What Elsevier and other publishers should do, and what we should do.

The Elsevier contract states (http://lists.okfn.org/pipermail/open-science/2011-April/000724.html )

The CDL/ Elsevier contract includes [@ “Schedule 1.2(a)

General Terms and Conditions “RESTRICTIONS ON USAGE OF THE LICENSED

PRODUCTS/ INTELLECTUAL PROPERTY RIGHTS” GTC1]

“Subscriber shall not use spider or web-crawling or other software programs,

routines, robots or other mechanized devices to continuously and automatically

search and index any content accessed online under this Agreement. ”

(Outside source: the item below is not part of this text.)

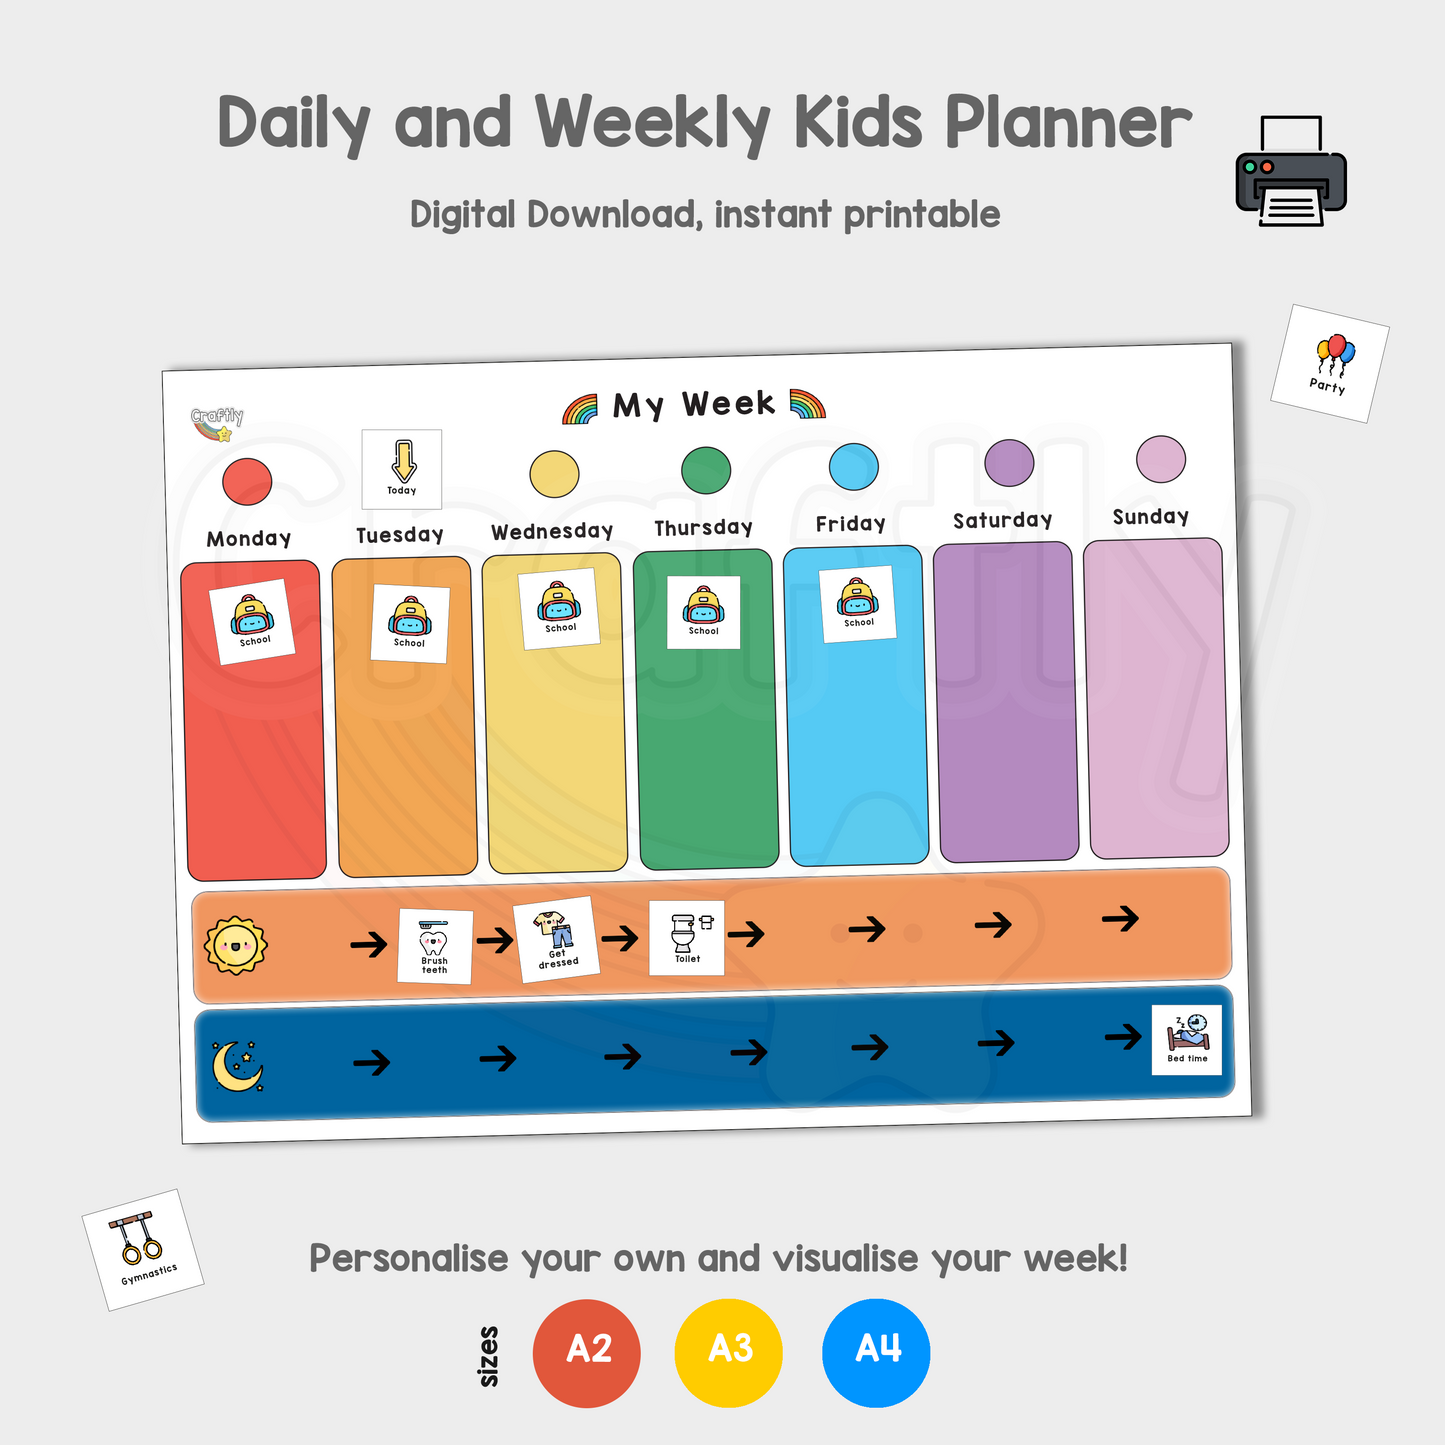 Weekly and Daily Childrens Weekly Planner
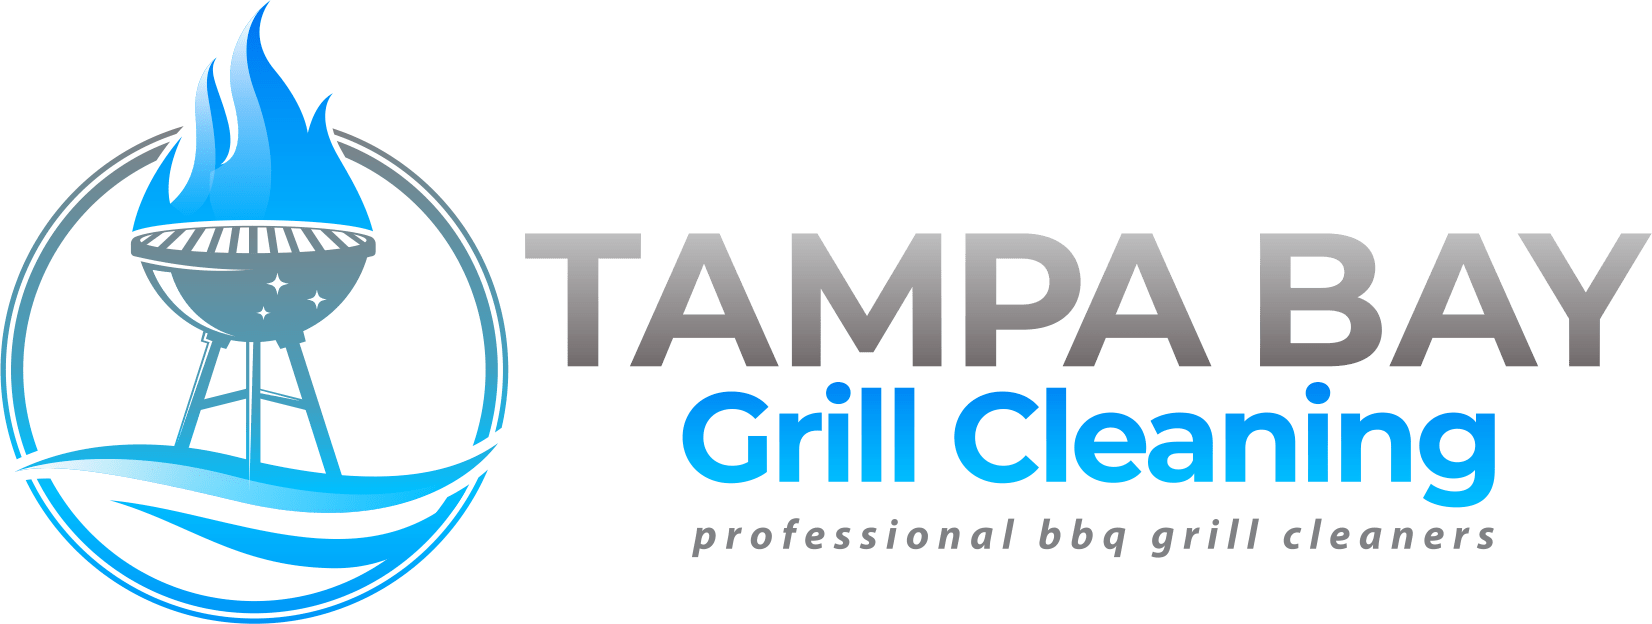 https://tampabaygrillcleaning.com/wp-content/uploads/2020/11/Tampa-Bay-Grill-Cleaning.cdr-1.png

It forbids me to do anything. The answer is simple:

SCRAP THE ANTI-MINING CLAUSE

[Aside: How my University and any other University could meekly sign this without a titanic public fight is beyond me.]

If Elsevier don’t scrap it I’ll urge Universities to take them to court. It’s against natural justice. We’ve paid enough for the subscription – we should be allowed our natural rights to do whatever we want.

Then the robots:

TURN THE ROBOTS OFF

The robots have no benefit to the subscriber and are deeply insulting.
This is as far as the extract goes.